Make an exact copy of the lines from the one containing "Feed-cover throat plate, Changing" through the end of the material, including both ends but no pictures.

[Given information]
···

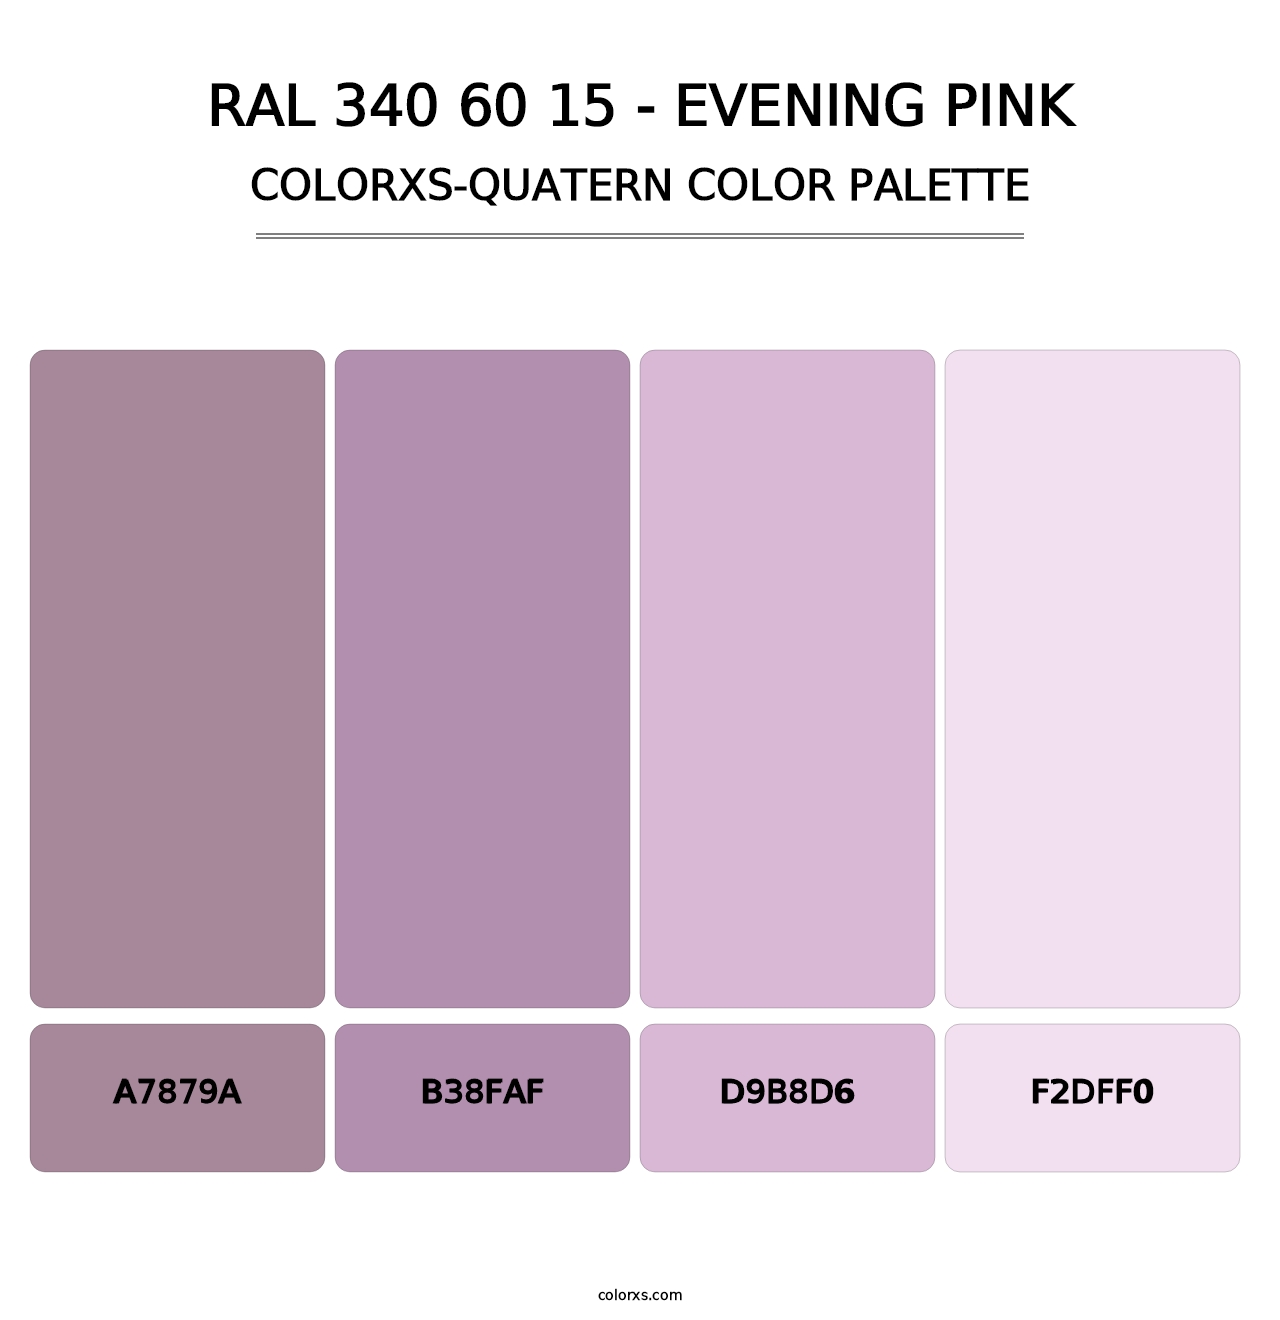 RAL 340 60 15 - Evening Pink - Colorxs Quatern Palette
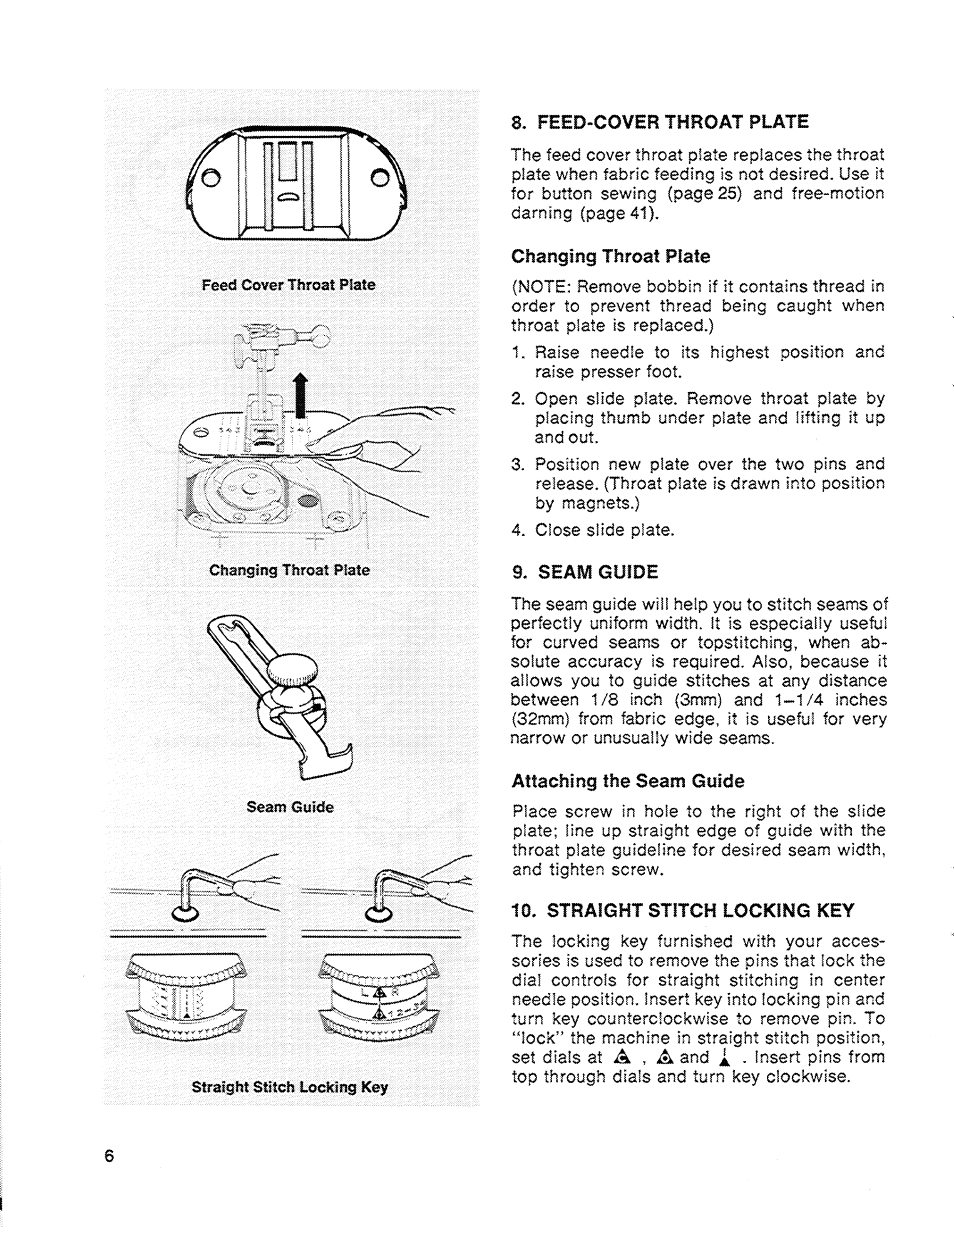 Feed-cover throat plate, Changing throat plate, Attaching the seam guide | 10, straight stitch locking key | SINGER 714 Graduate User Manual | Page 8 / 52
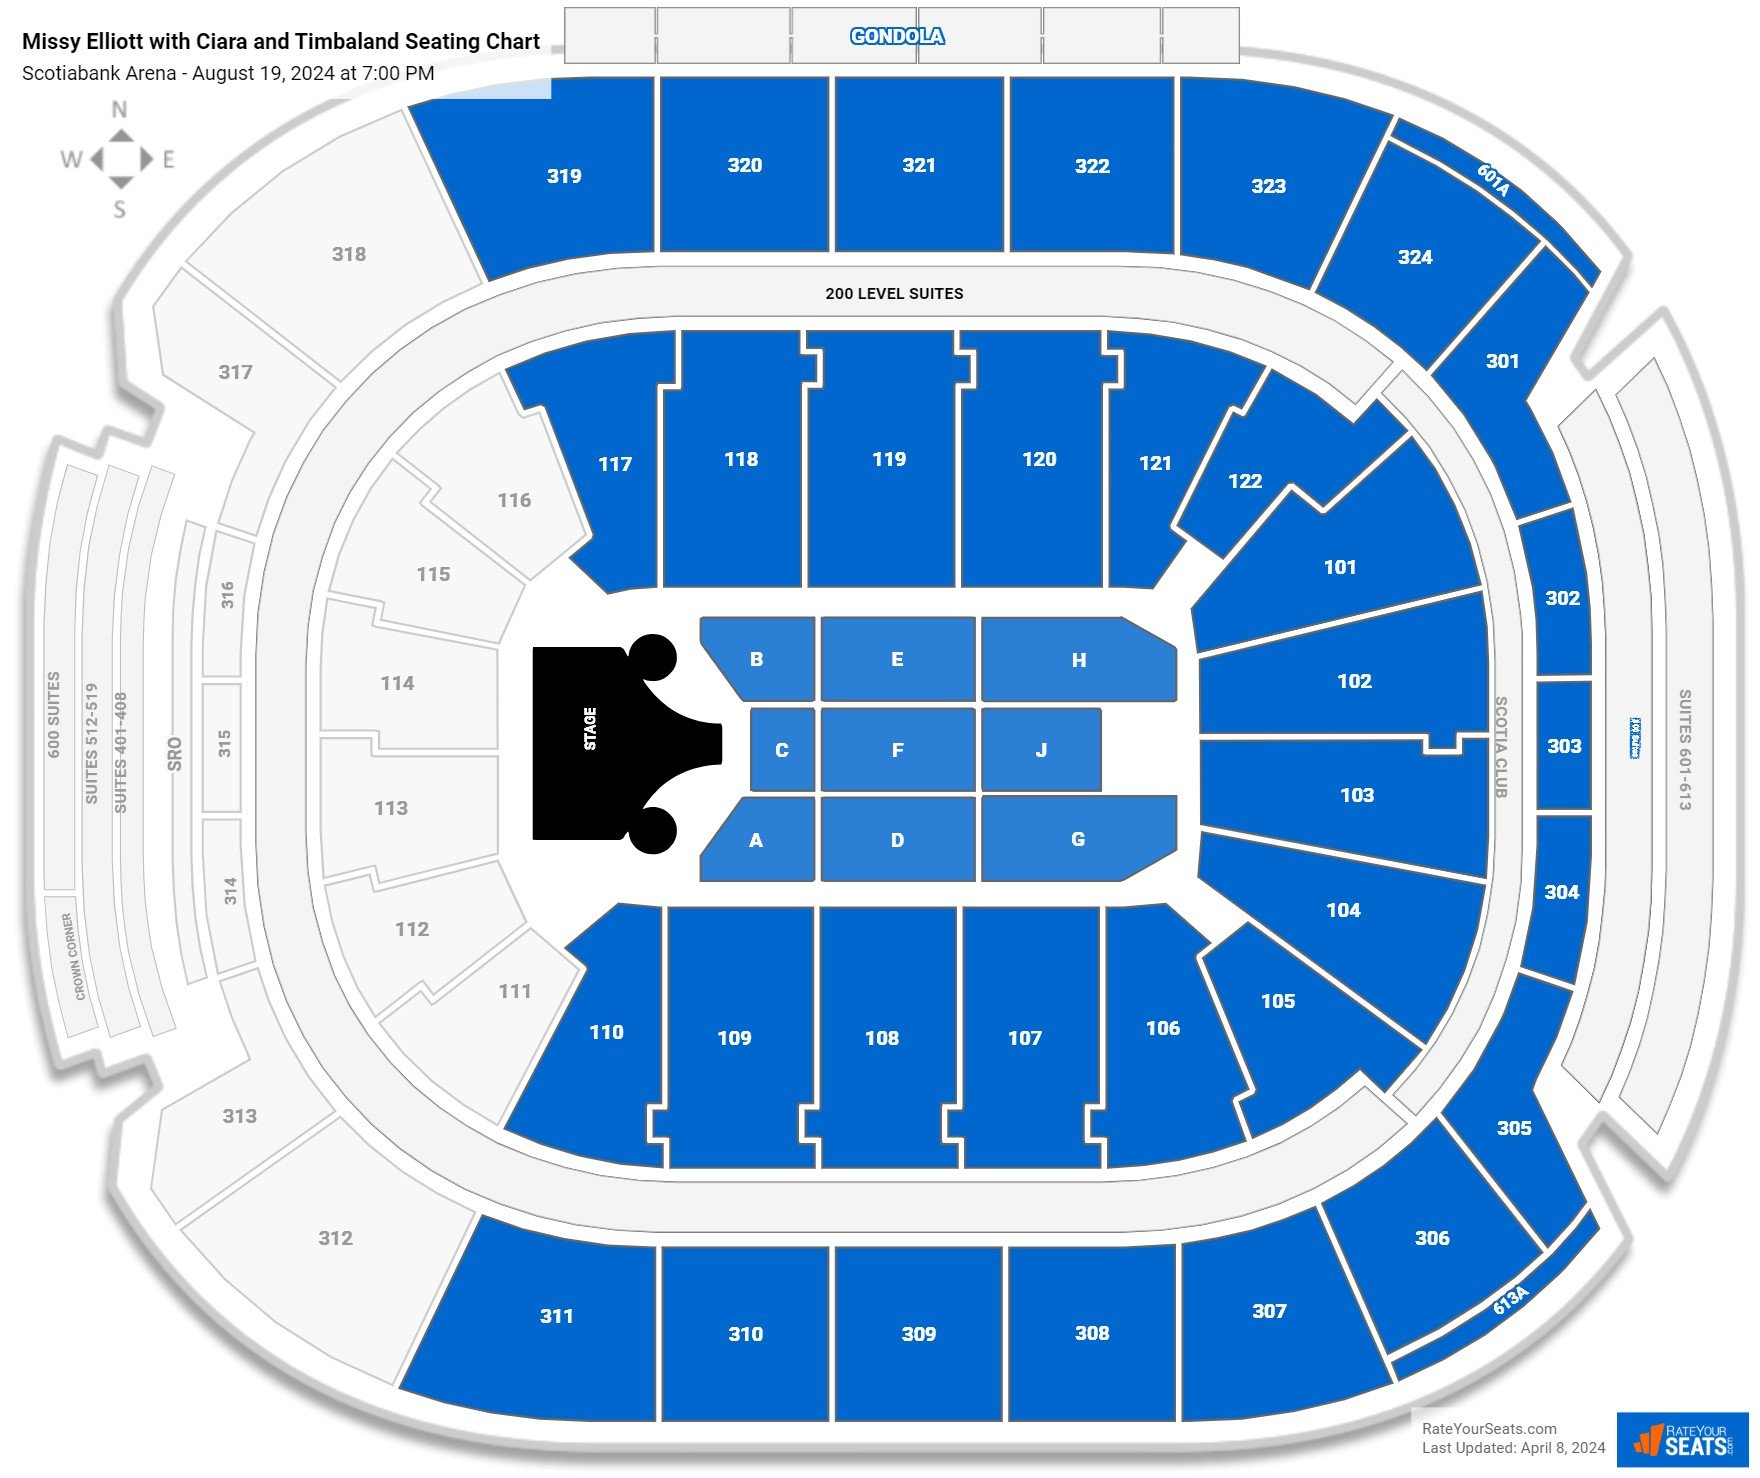 Missy Elliott with Ciara and Timbaland seating chart Scotiabank Arena

···

[Task answer]
 Feed-cover throat plate, Changing throat plate, Attaching the seam guide | 10, straight stitch locking key | SINGER 714 Graduate User Manual | Page 8 / 52
 Missy Elliott with Ciara and Timbaland seating chart Scotiabank Arena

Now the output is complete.